> Problem to work on
Would you reproduce the whole listing exactly, dropping any pictures it holds?

> Supplied material
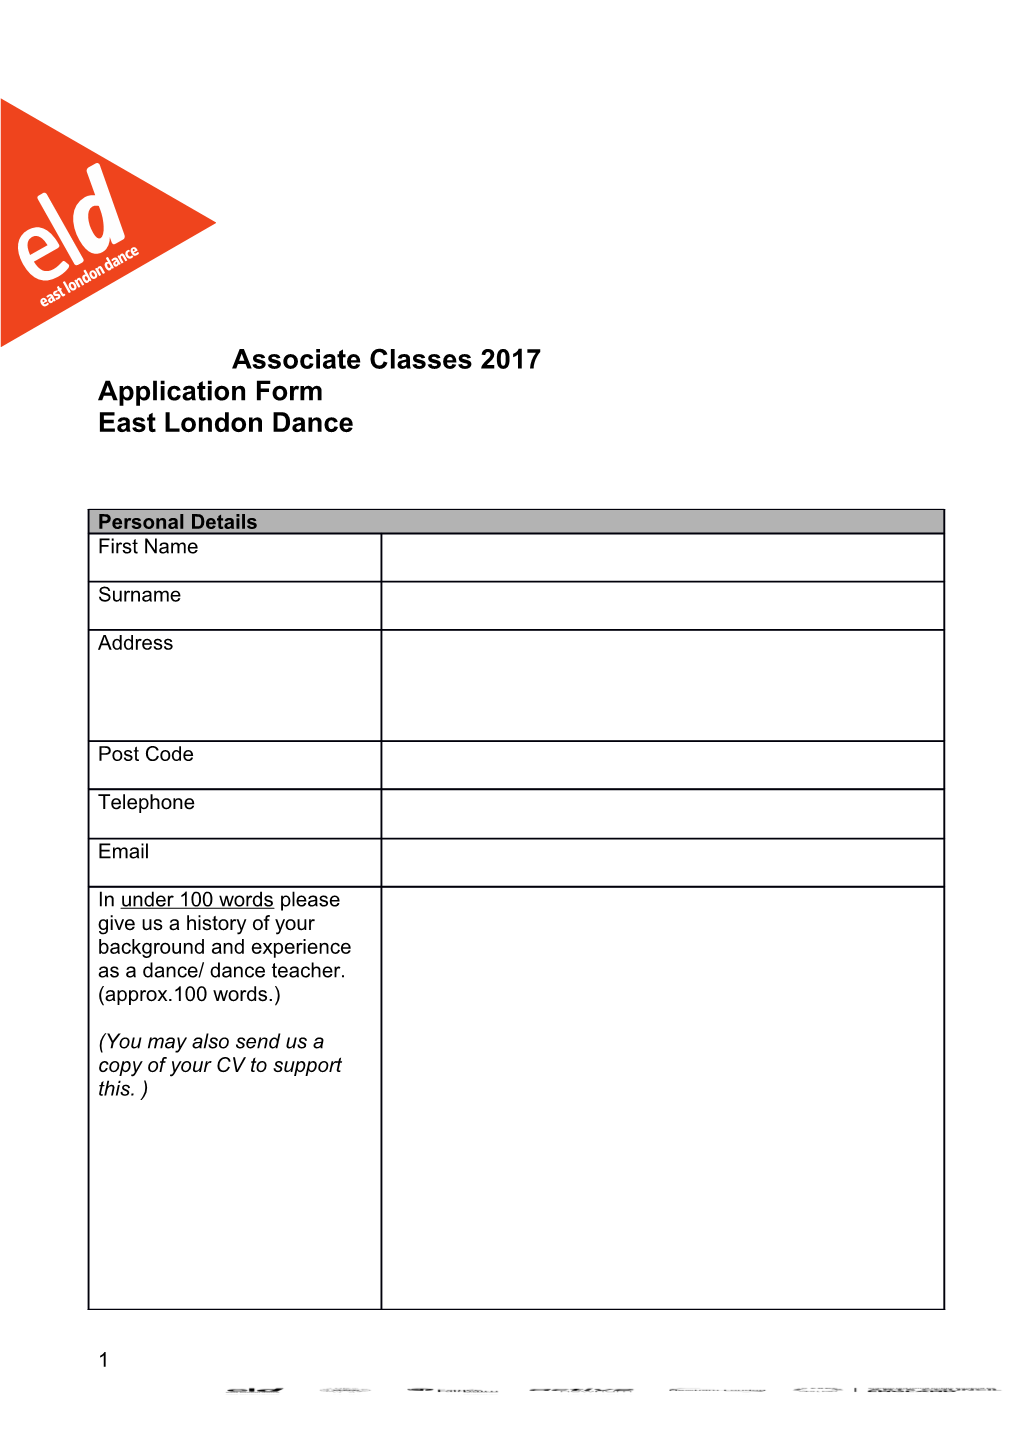 Please Complete This Application Form and Return To
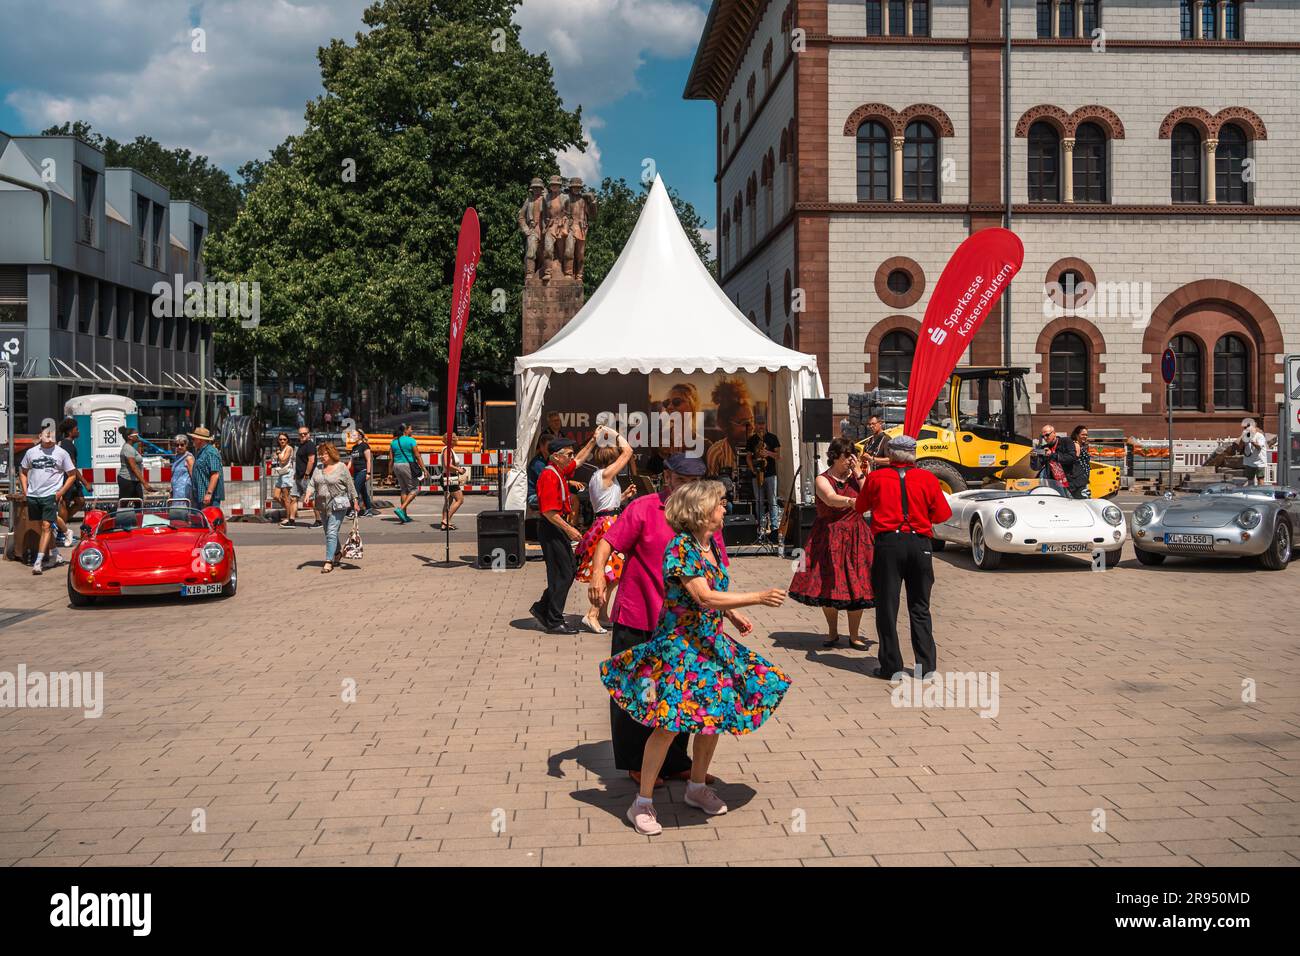 Kaiserslautern, Germany. 24th June, 2023. Couples dancing in the summer heat during live music performance at Schillerplatz (Square). The 15th Kaiserslautern Classics combines a vintage car show with the former ADAC Trifels Historic rallye (now under the new 'ADAC Trifels Oldtimerwanderung' name) and a Vespa meeting. The event starts on Saturday 8:30 AM and continues at various public locations downtown through the day, accompanied by live music bands. Credit: Gustav Zygmund/Alamy News Stock Photo
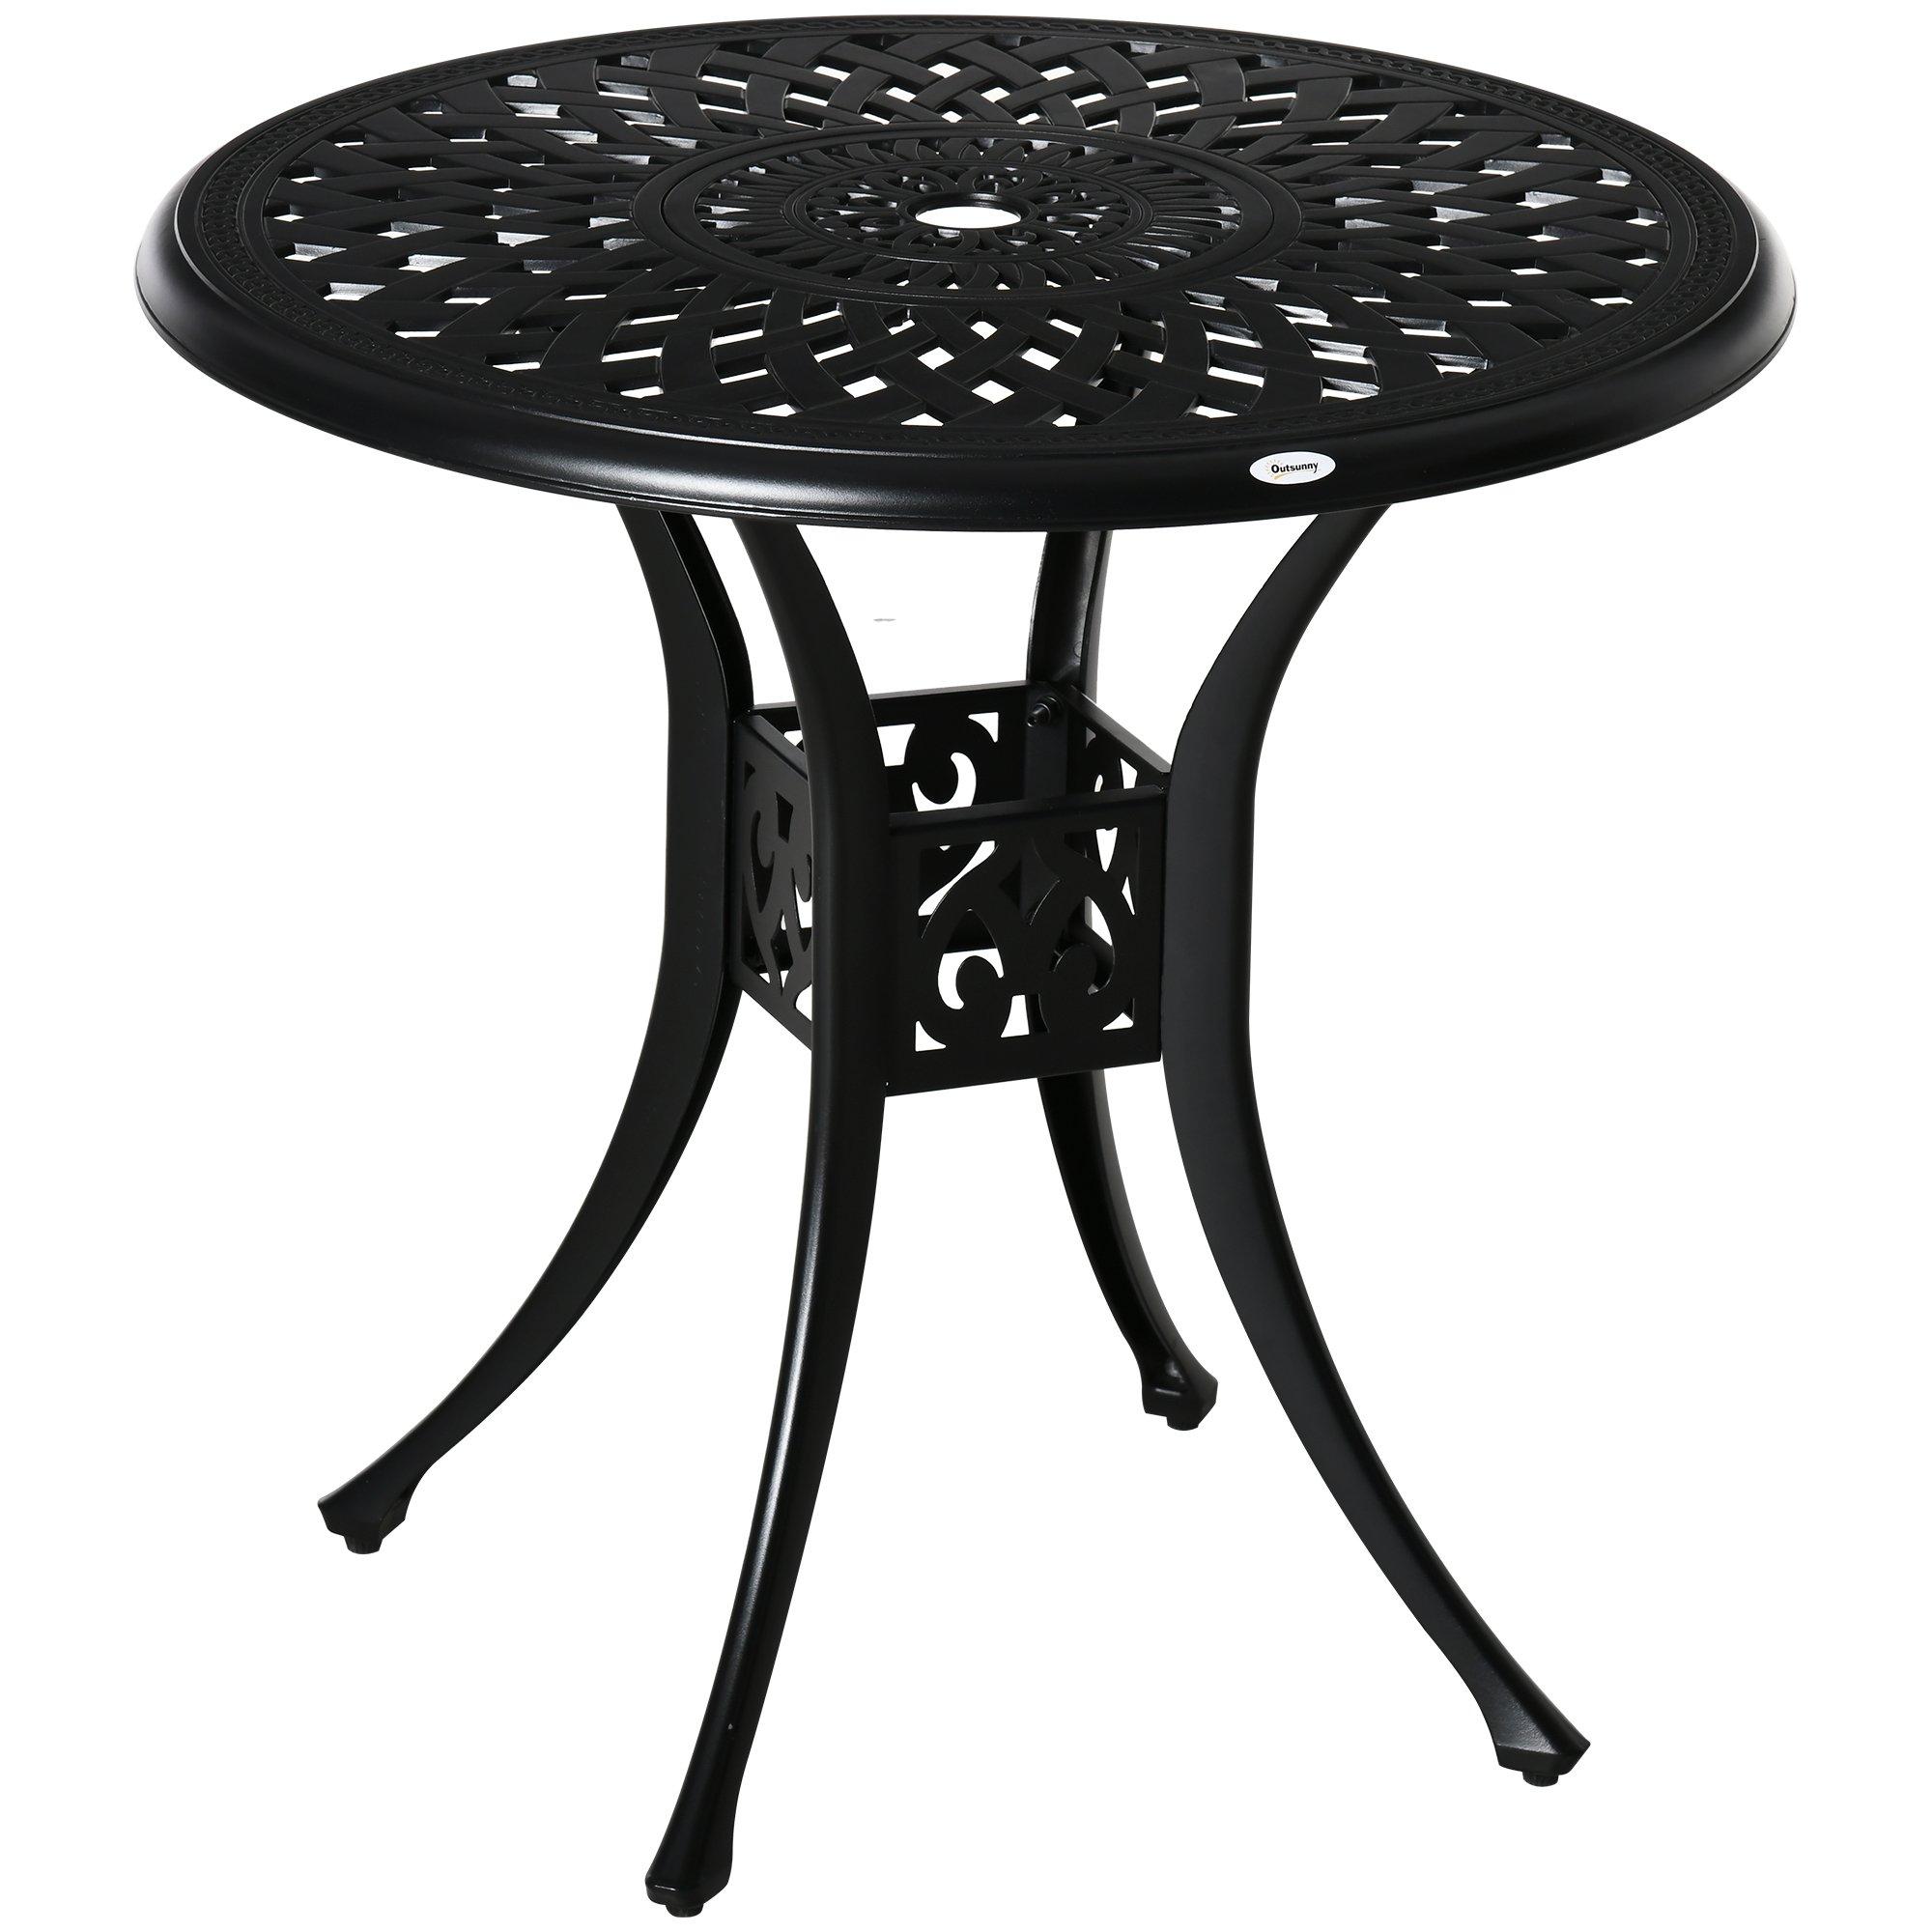 78cm Round Garden Dining Table Only with Parasol Hole Cast Aluminium

> Reply
 Please Complete This Application Form and Return To
 Kaiserslautern, Germany. 24th June, 2023. Couples dancing in the summer heat during live music performance at Schillerplatz (Square). The 15th Kaiserslautern Classics combines a vintage car show with the former ADAC Trifels Historic rallye (now under the new 'ADAC Trifels Oldtimerwanderung' name) and a Vespa meeting. The event starts on Saturday 8:30 AM and continues at various public locations downtown through the day, accompanied by live music bands. Credit: Gustav Zygmund/Alamy News Stock Photo
 78cm Round Garden Dining Table Only with Parasol Hole Cast Aluminium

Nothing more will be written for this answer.